Superbaby is now 6 1/2 months old. Man time is flyin! It seems once he hit that 6 month mark so many things changed. His hair started growing, he rolls around like a madman, he's an eatin' fool and just growing up fast. He fits most of his 6-9 months clothes now, with some of the pants being a bit long, but tops fit perfectly.
He is almost sitting up on his own, he still needs our hands on his back, but he's almost got it. He is trying to crawl when on his tummy, but still not moving much, its close though I know it.
While our friends were visiting from the US we went to Dahab and Sharm El Sheikh. Superbaby did good, a long, very long car ride but he really good. Slept alot, fussed some but overall good. We laughed and said he probably thought the car was our new home as we were in it so much.
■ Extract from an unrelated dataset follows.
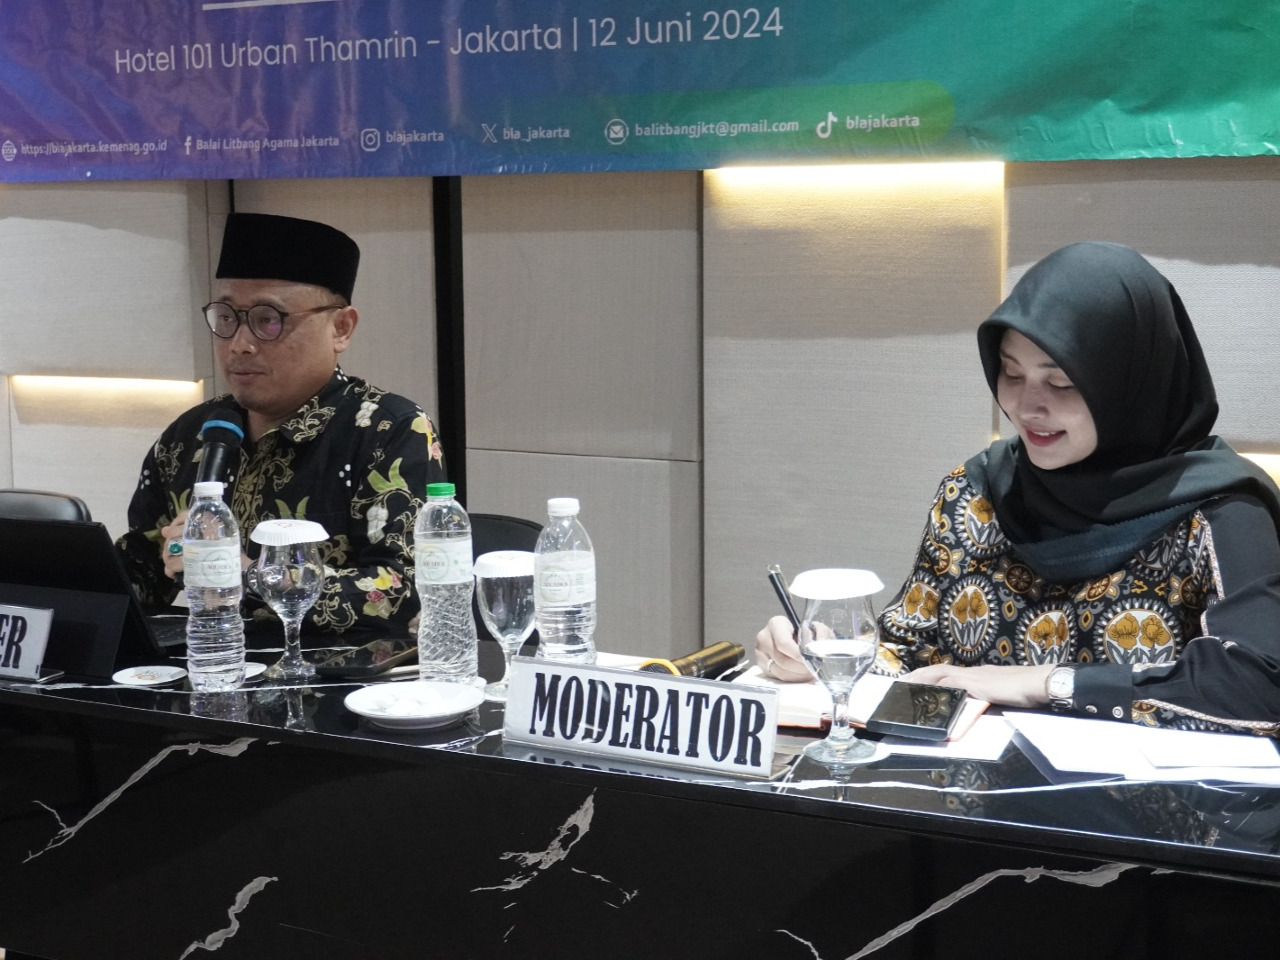 Pengaruh Konten Negatif bagi Siswa Madrasah, Apa Kata BLA Jakarta?

When we left Dahab it was on a Friday about 6am. We ended up in Alexandria the same night at 9pm. We drove from the Red Sea to the Mediterranean in a day. We went from Dahab to St. Catherines Monestary, to Suez, to Port Said, to Damietta to Alexandria and a few other little towns along the way. It was a great road trip and our friends enjoyed it so much.
Super S said Superbaby wants to take me to Alexandria tomorrow for Mother's Day. We'll leave early, as its about a 3 hour drive, spend the day there, have dinner and maybe drive back home. Or maybe stay over night too, we'll see.
I suck at blogging now, I know. Superbaby occupies every second and I love it! We hold him waaay too much, by choice, and try to keep him busy and occupied all the time. He is napping now so I thought I'd post this lame update.
Enjoy your day, Mother or not, I know its tough and I feel you. I will never forget. Remember I am still infertile and always be.